*** EXTRACTED ENTRIES Section Begins ***
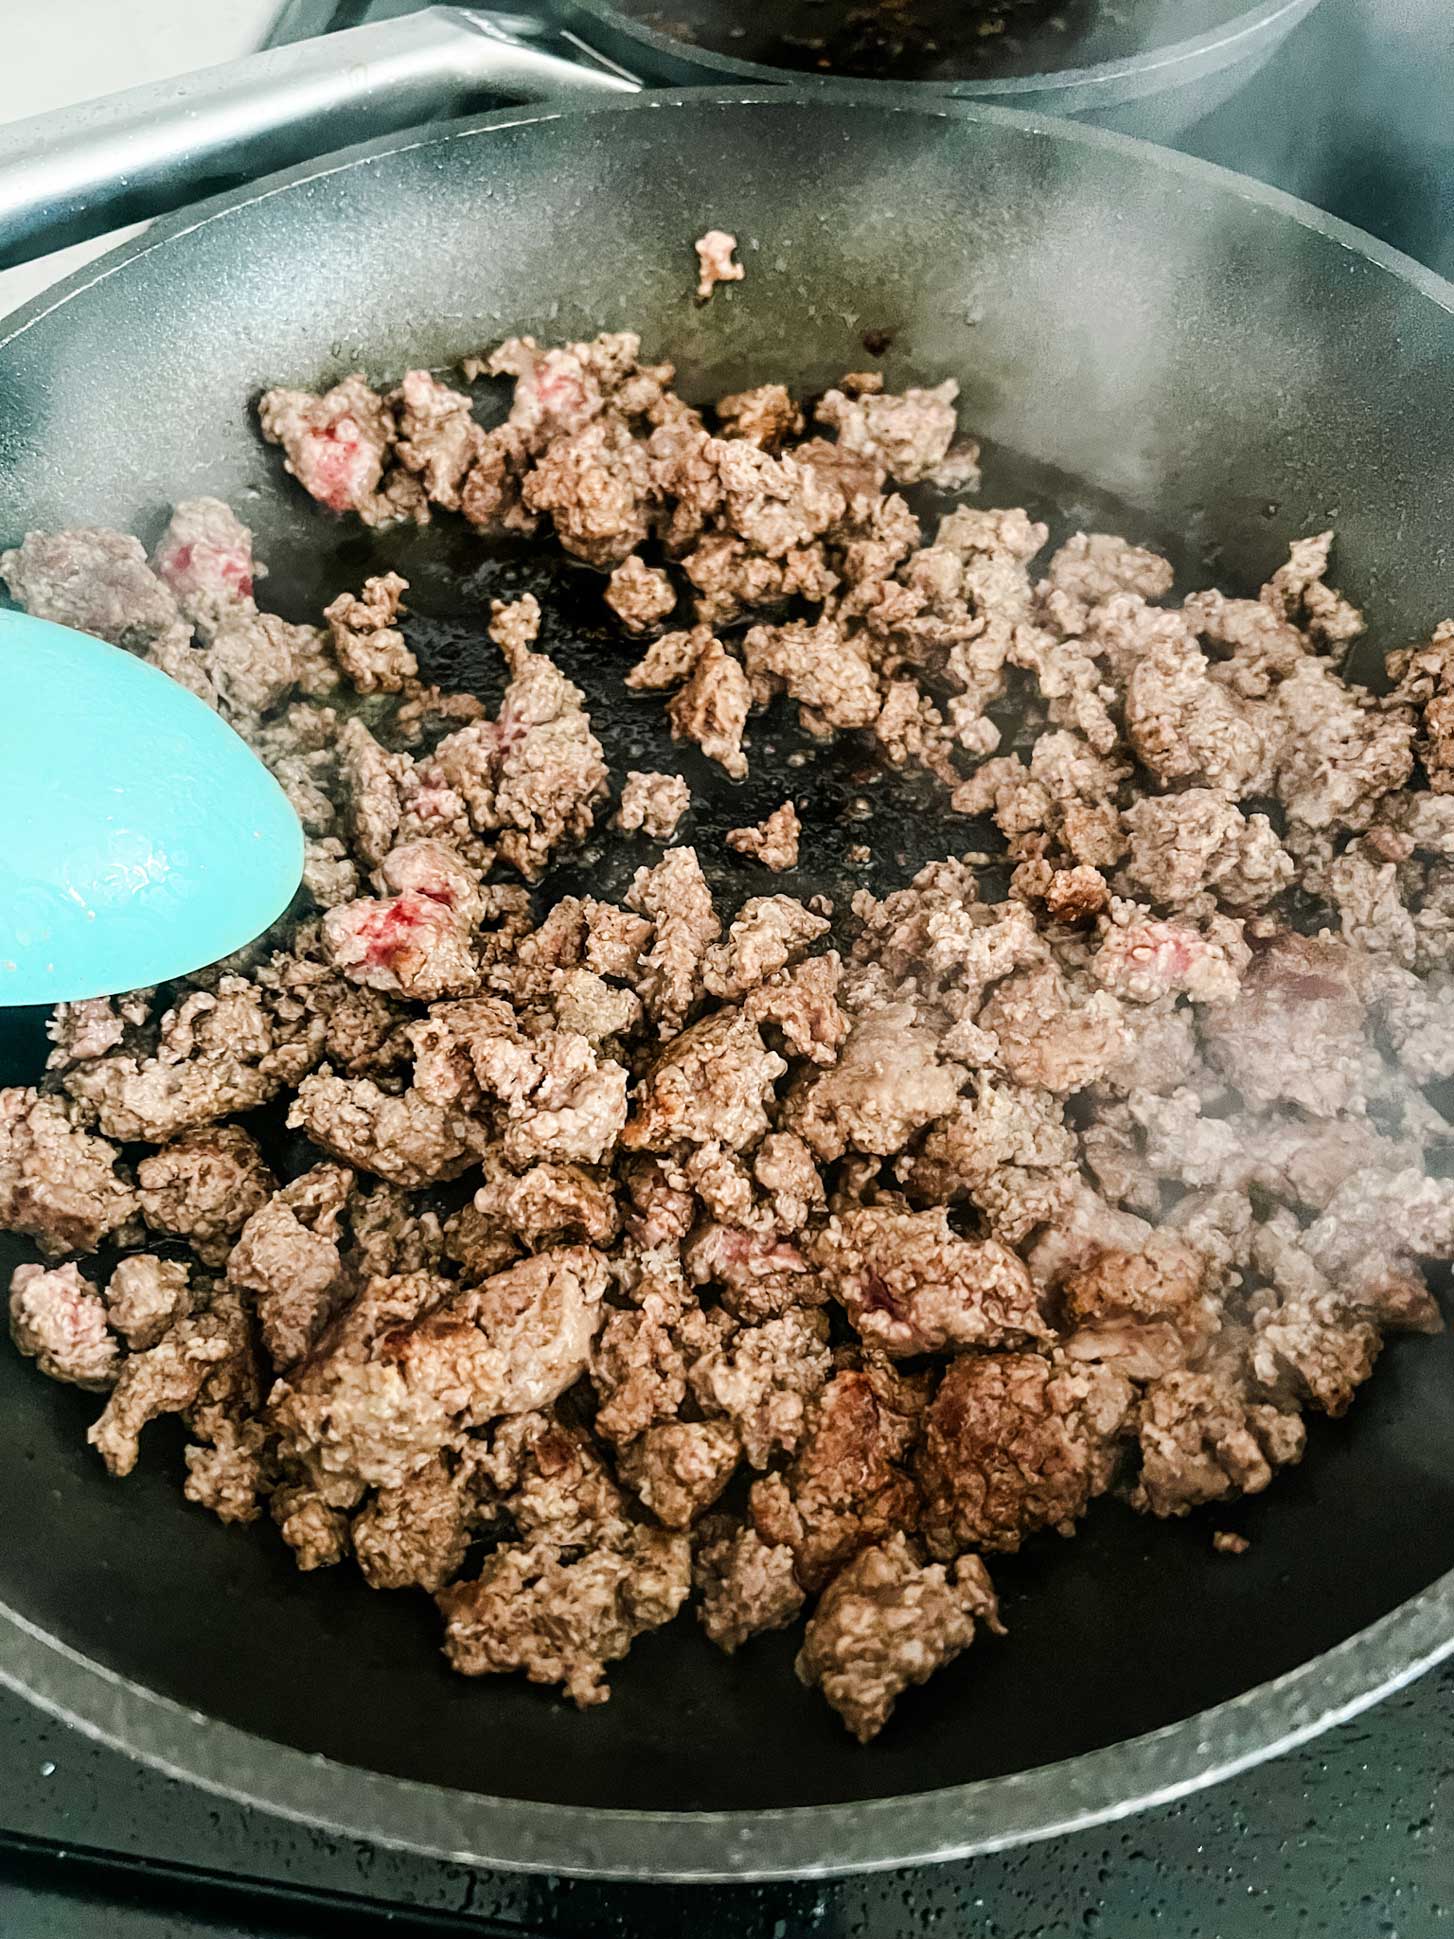 Ground beef cooking in a skillet.
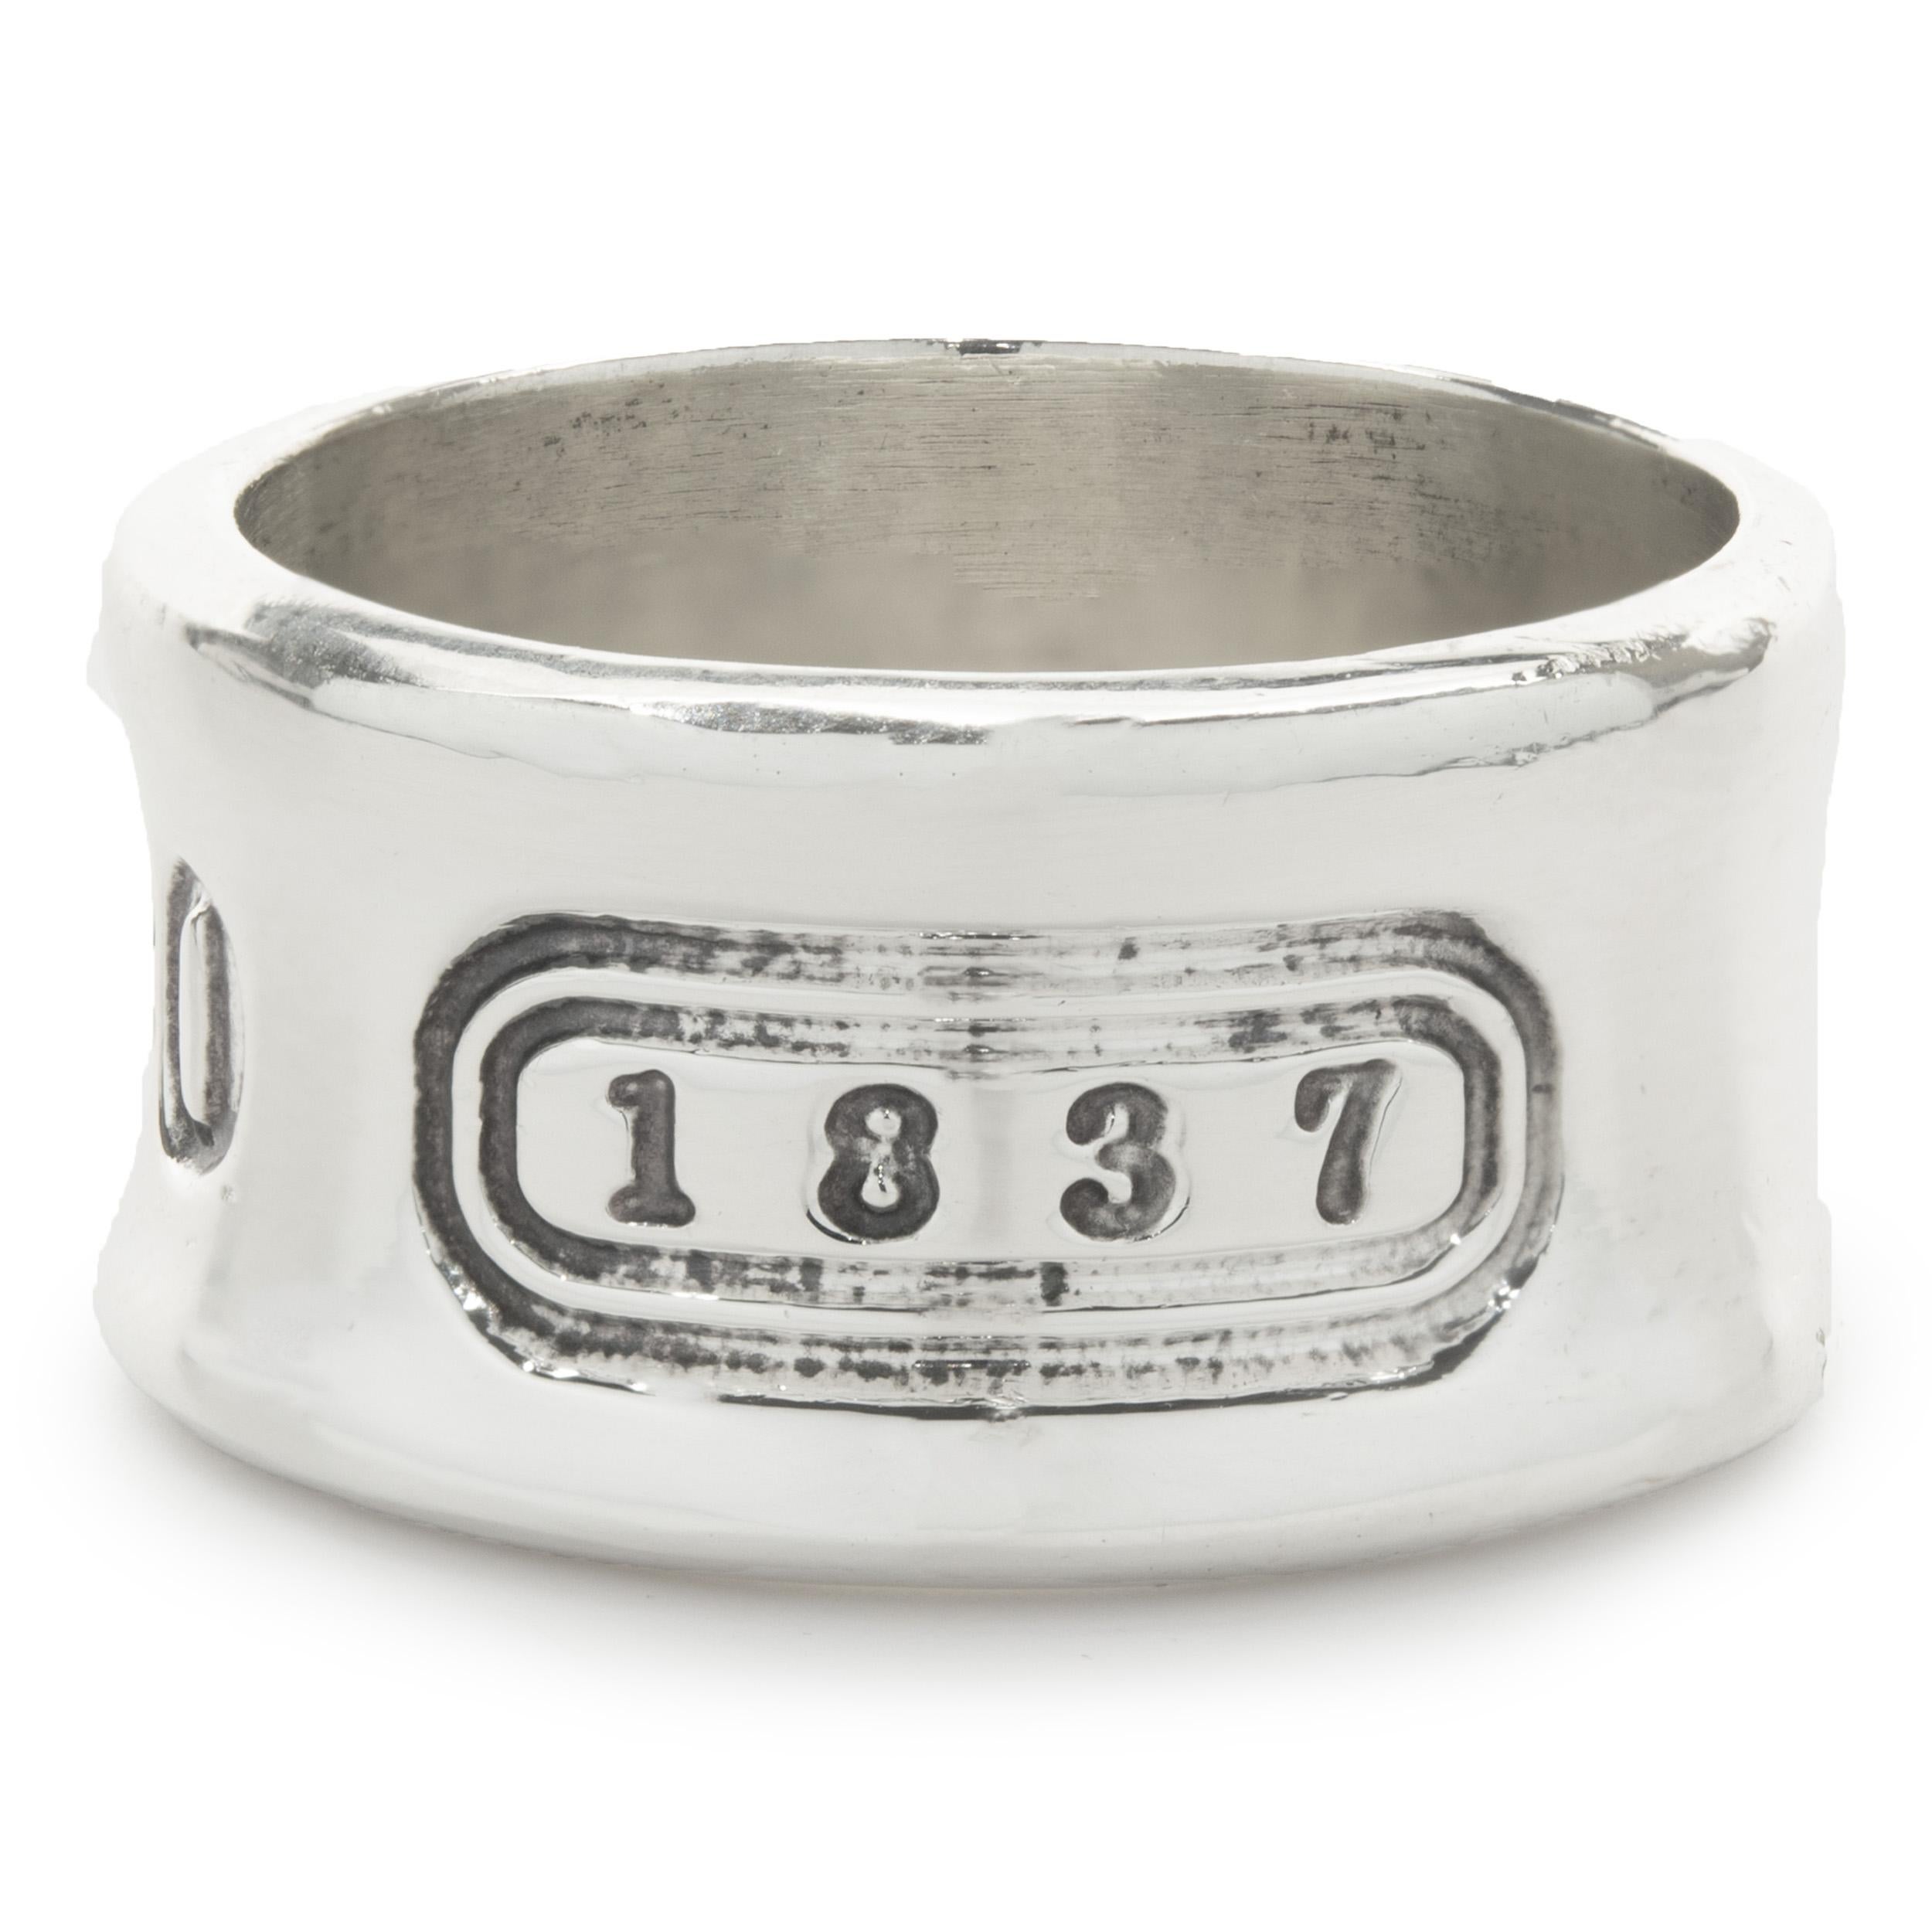 Designer: Tiffany & Co. 
Material: sterling silver
Dimensions: band top measures 11.30mm wide
Size: 8
Weight: 9.98 grams
*** EXTRACTED ENTRIES Section Ends ***
** EXERCISE REQUIREMENTS **
Reproduce only the lines from the line containing "Material: sterling silver" to the last line of the material above, both of those lines included.

** OUTPUT FOR THIS EXERCISE **
Material: sterling silver
Dimensions: band top measures 11.30mm wide
Size: 8
Weight: 9.98 grams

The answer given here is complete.